To be more specific, I don't understand that figure 1.5 at all. With an arrow going all the way around it?
Then even the little I understood that, it goes into the golden ratio and it completely lost me.
The arrow is showing what the computer is doing to find fib(n) while using recursion. That is when the computer wants to find fib(5) the first thing it does is split it into fib(4) + fib(3), then it takes the first function and tries to calculate that, splitting that into fib(3) + fib(2), then tries to calculate fib(3)....
So you see the program will first run fib(5), then fib(4) then fib(3), then fib(2), then fib(1) finally resolving that as 1. Only then will it take the other branches, the fib(n-2) cases. In this case we go up one layer and find we need to resolve fib(0), which we can, 0.
The arrow is indicating how the program will calculate fib(5), in order it will calculate those functions all the way to the base cases, that is the cases we know how to solve, in this case fib(0)=0 and fib(1)=1.
The point is we end up calculating fib(0) 3 times, fib(1) 5 times, fib(2) 3 time, and fib (3) twice. Clearly this isn't the most efficient way of doing this. Worse, as it explains later in the chapter, as n gets bigger the worse this gets, it's O(n^2). You see when we double n, from 5 to 10, the number of steps needed is much more then doubled. If you were to draw out the tree for fib(10) you would see it there are many more nodes to calculate.
Then they go into the golden ratio part. The important thing at first, isn't the golden ratio but for now just assume that function is correct. That means you can calculate fib(5) using a formula and the closest integer will be fib(n). So instead of going though all that work with the tree and the recursive algorithm we could write a program preform function instead! This means no matter how big n is we have we can find fib(n) in the same amount of time - O(1), because now we just calculate a formula, instead of a recursive algorithm.
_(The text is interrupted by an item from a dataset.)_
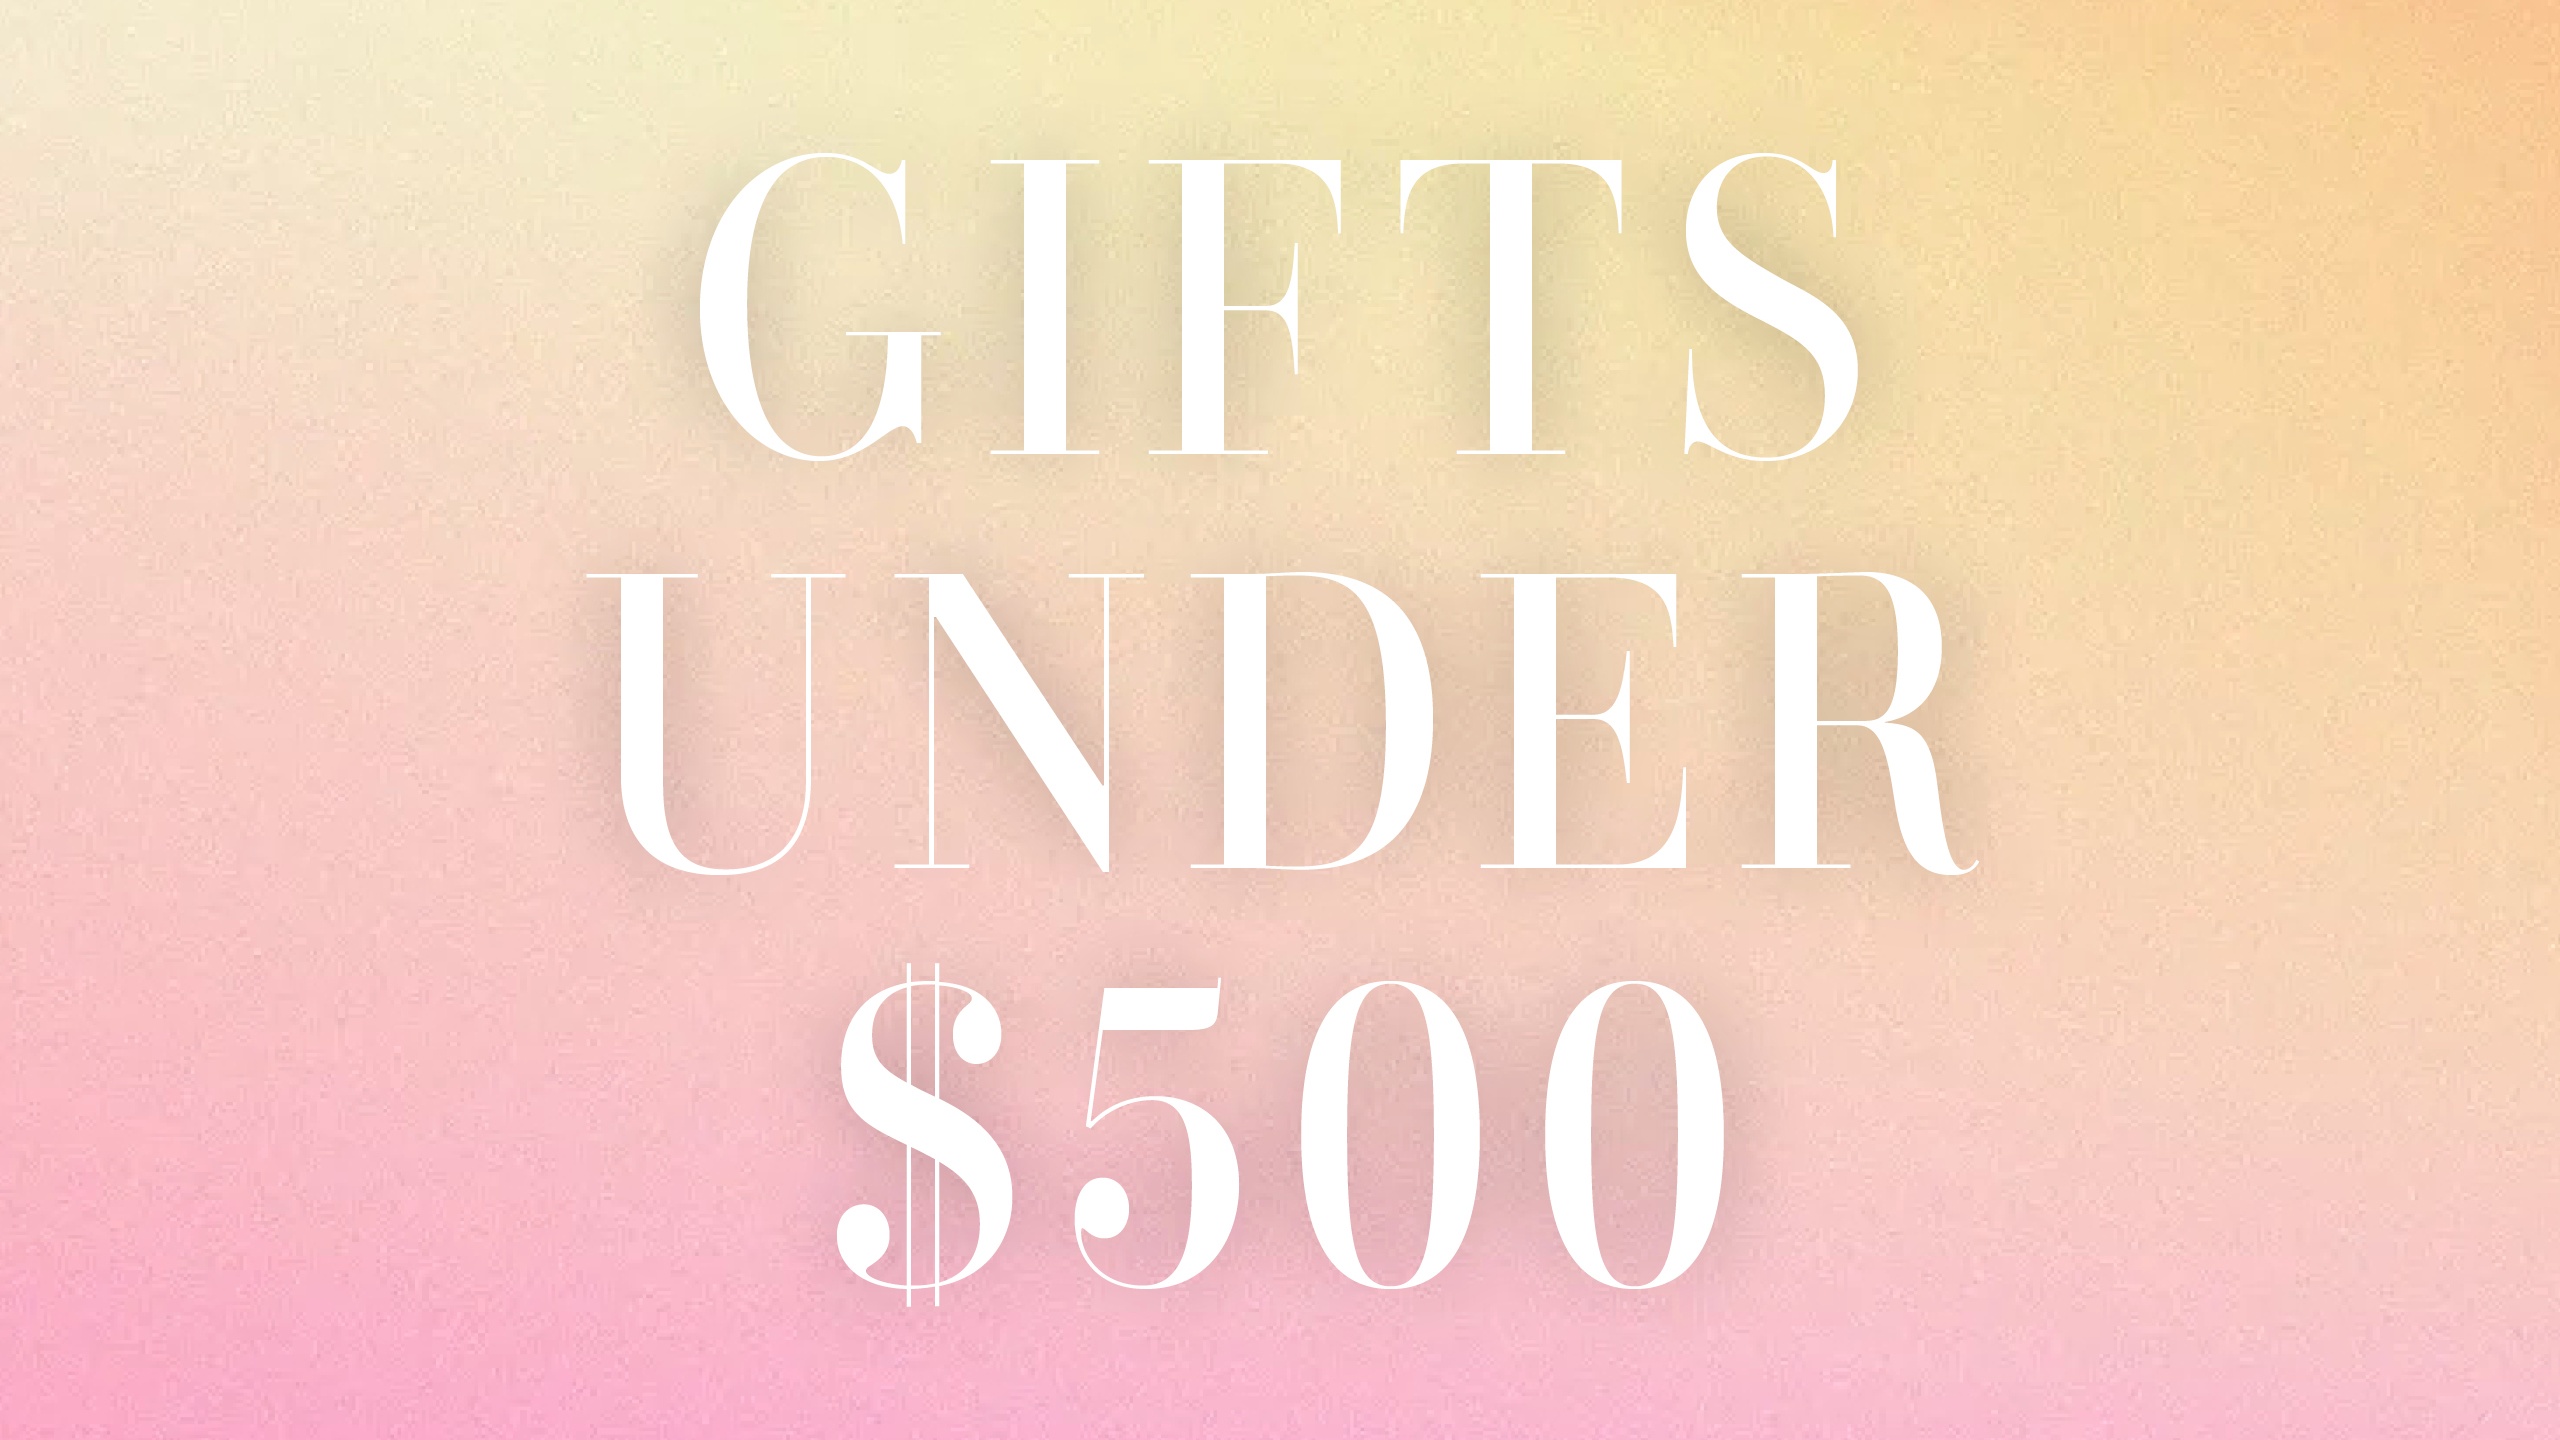 Best Gifts Under $500

Now, I'm still not sure how to prove this function is correct though.... that is problem 1.13. I'm getting hung up on the fact that it is the closest integer.... I'm not how to use that with induction, or any proof... any help here would be welcomed.
I would certainly like to see that when I go over it later.
I think this fib function is a good application for the lazy evaluation of Haskell.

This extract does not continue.